2.2 Capabilities as mediator
A second important issue is whether agility is a complete mediator (as in Figure 1) or
whether there are also direct effects to firm performance that bypass agility; direct effects
are not shown in Figure 1.
Makadok (2003) claims that resource-picking processes are associated with investments in factor inputs, whereas capability-building processes are associated with the
integration of complementary resources into significant differentiating capabilities.
Similarly, Grant (1996) argues for a hierarchy of capabilities in which higher-order
capabilities are derived from integrating lower-order capabilities and resources;
higher-order capabilities engender lasting differential advantage because they are truly
rare, valuable, and inimitable. There is some research that supports such mediating roles
of a variety of capabilities. Barua et al. (2004) show that higher-order capabilities such as
supplier and customer side digitisation mediate the impact of IT on firm performance.

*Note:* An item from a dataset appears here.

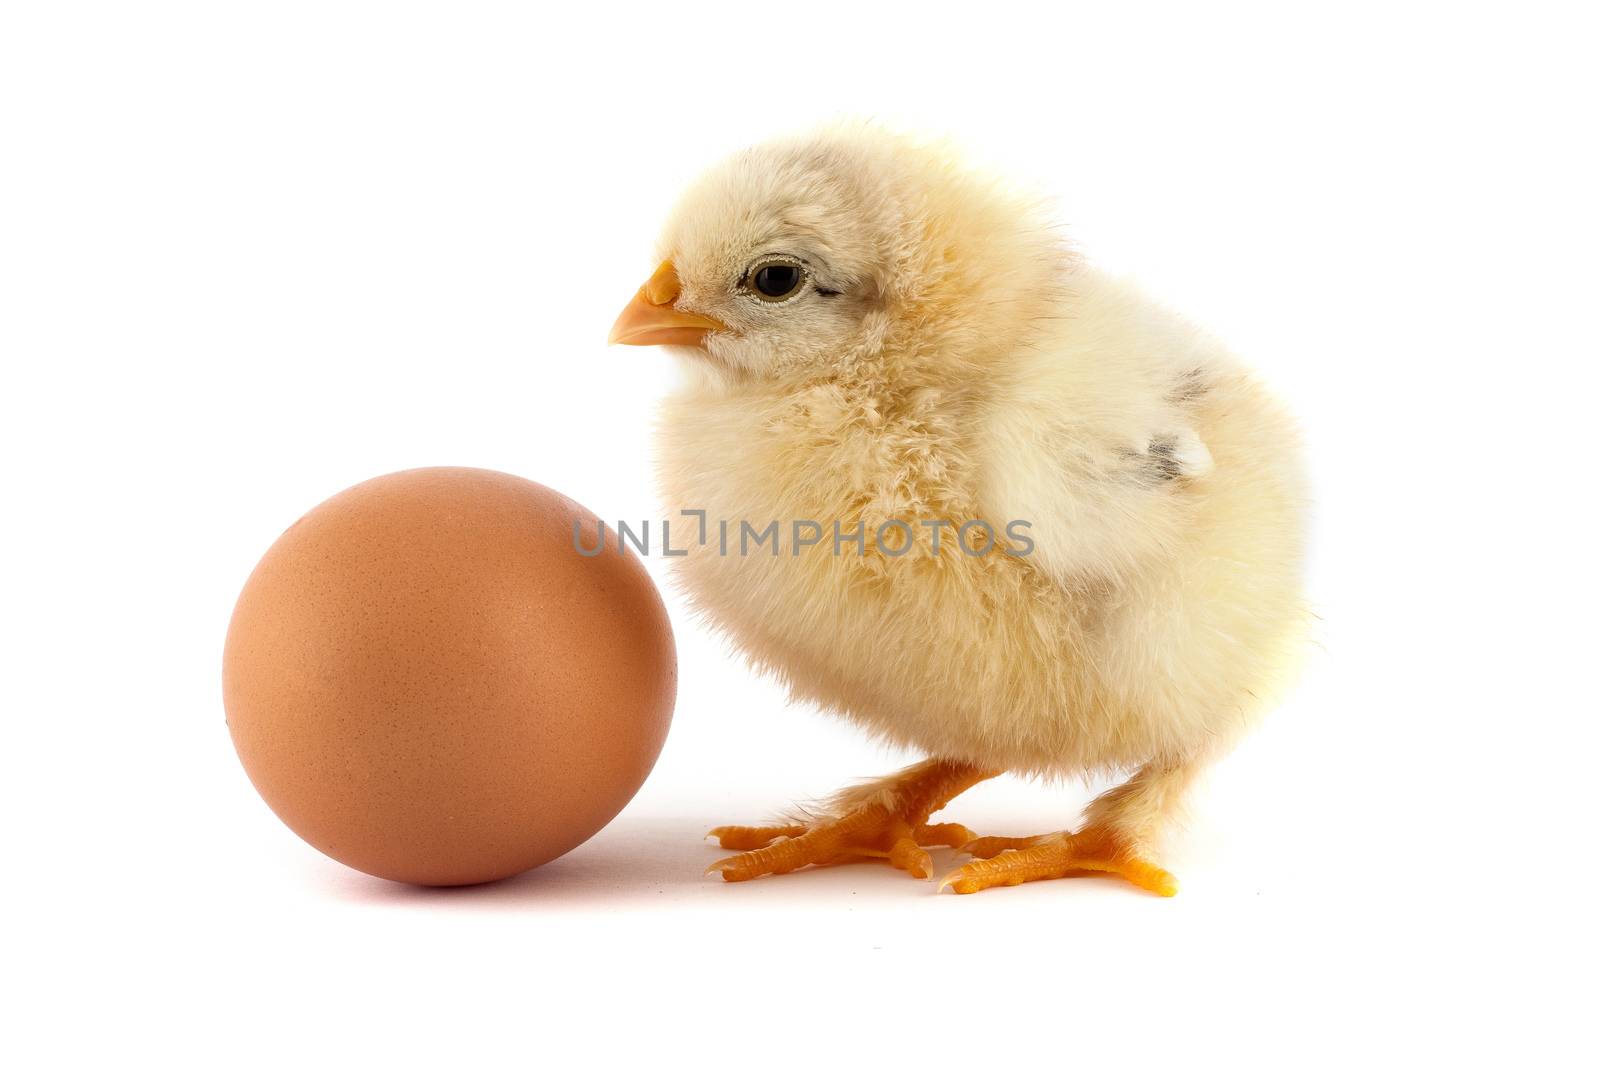 The yellow small chicks with egg isolated on a white background

Similarly, Tanriverdi (2006) examines how knowledge capabilities mediate the same link.
Banker et al. (2006) examine the mediating role of just-in-time and supplier participation
capabilities, whereas Rai et al. (2006) demonstrate that process integration mediates the
link between IT infrastructure and firm performance.
We propose that agility is such a higher-order business capability. Agility has
been defined differently by various scholars (see, e.g., Narasimhan and Das 2000,
7028
S.K. Vickery et al.
Sambamurthy et al. 2003). D’Aveni (1994) defines agility as the firm’s ability to detect and
seize market opportunities with speed and surprise (‘sense and respond’). Sometimes the
focus is specifically on supply chain agility; for example, Swafford et al. (2006) define it as
the ability to ‘react speedily to marketplace changes’ (p. 182), while Yusuf et al. (2004)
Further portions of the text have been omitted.